Triglycerides and Neuropathy

Until now our doctors have lacked an effective way to predict who is at the greatest risk of neuropathy. Usually we find out too late — when irreversible nerve damage has already occurred.

Diabetic neuropathy is the most common microvascular complication we have. More than half of all people with diabetes develop neuropathy. It is a complication in both type 1 and type 2 diabetes.

In the past few years the U.S. Food and Drug Administration approved two drugs — Cymbalta and Lyrica — for managing the pain of diabetic neuropathy. These drug help many of us. But wouldn’t it be a lot better for us if we could prevent diabetic neuropathy?

Now, maybe we can. It’s a standard and simple test of the level of blood fat that we have. The common blood test for triglycerides — a well-known heart risk factor — may also tell us if we are at risk for neuropathy.

Researchers at the University of Michigan and Wayne State University analyzed data from 427 people with diabetes who suffered from neuropathy. Diabetes, a professional journal of the American Diabetes Association, will publish the study, “Elevated Triglycerides Correlate with Progression of Diabetic Neuropathy,” in its July issue. The abstract is online, and my friend Dr. Bill Quick kindly sent me the full text.

The researchers found that elevated triglycerides correlated with the nerve fiber loss independent of disease duration, age, diabetes control, or other variables. High levels of triglycerides turned out to be more likely to lead to neuropathy than high blood glucose levels.

“People can reduce blood triglyceride levels with the same measures that reduce cholesterol levels,” according to a University of Michigan Health System press release, “by avoiding harmful fats in the diet and exercising regularly.” Maybe.

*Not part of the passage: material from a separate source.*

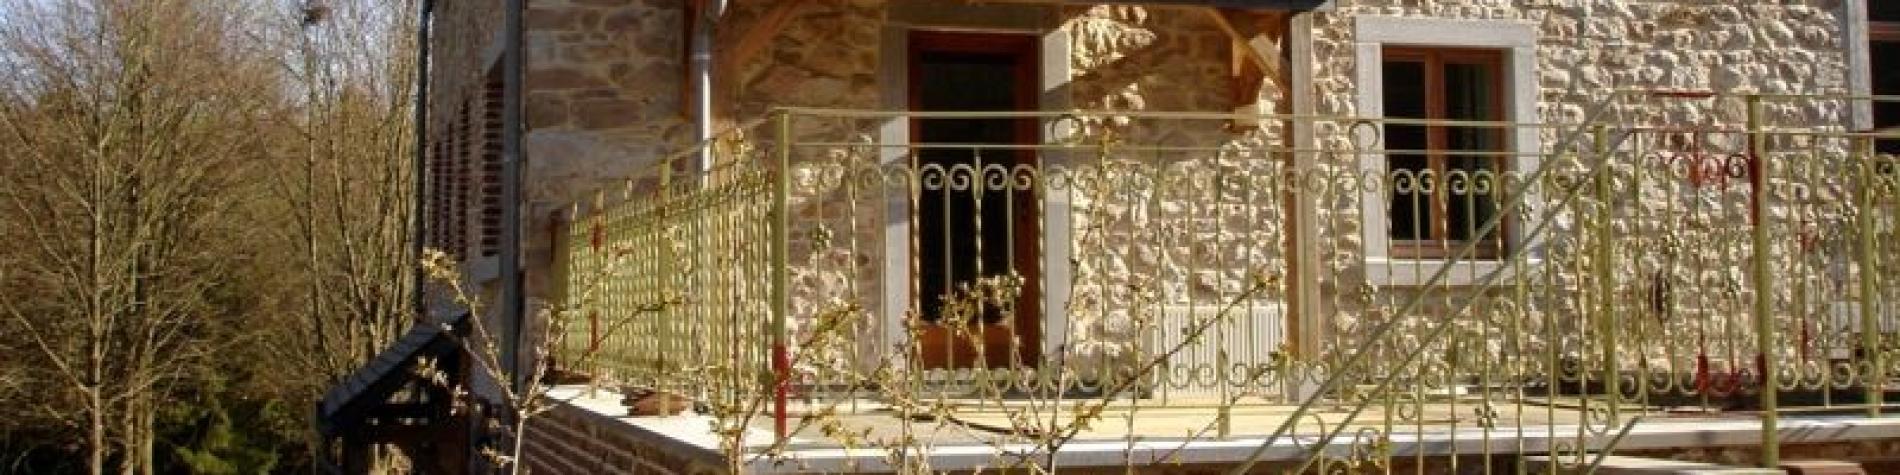 Gîte rural de Regniessart - Petit gîte - Nismes

But that never worked for me. The normal level of triglycerides is below 150 mg/dl. My level was usually higher, up to 176 — until I started a very low-carbohydrate diet. Just two months later my level dropped to 47 and has stayed in that range ever since.

My experience is typical. It is the consumption of high levels of carbohydrate that drive high triglyceride levels, says Dr. Michael Eades.

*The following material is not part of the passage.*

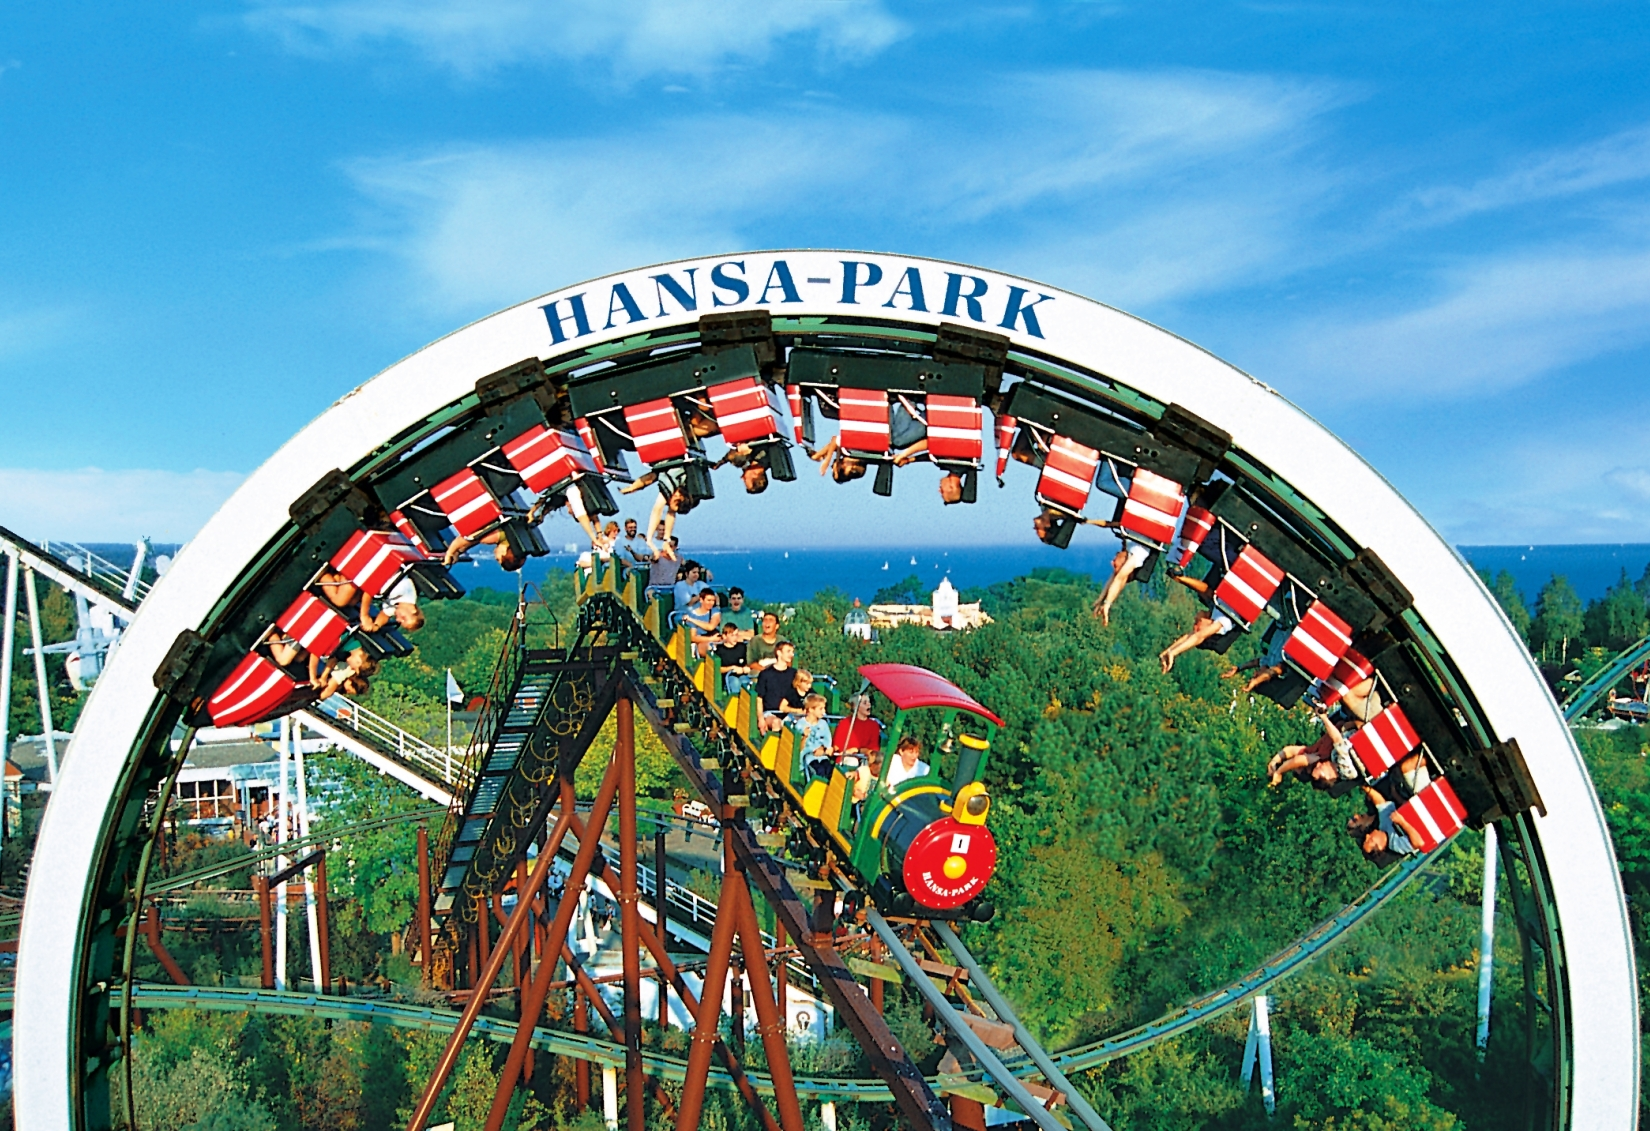 Hansa Park Nessie Looping 14pers

“After years of low-carb dieting myself and of taking care of thousands of patients on low-carb diets, I can tell you one thing with pretty much certainty: Low-carb diets reduce triglyceride levels markedly,” he writes. “On a low-carb diet, these patients drop their triglyceride levels like a rock.”

This leaves us with a clear choice. We can wait until we get neuropathy and treat it with one of the available drugs. Or we can prevent it by testing our triglyceride level. And if that level is too high we know what to do.

This article is based on an earlier version of my article published by HealthCentral.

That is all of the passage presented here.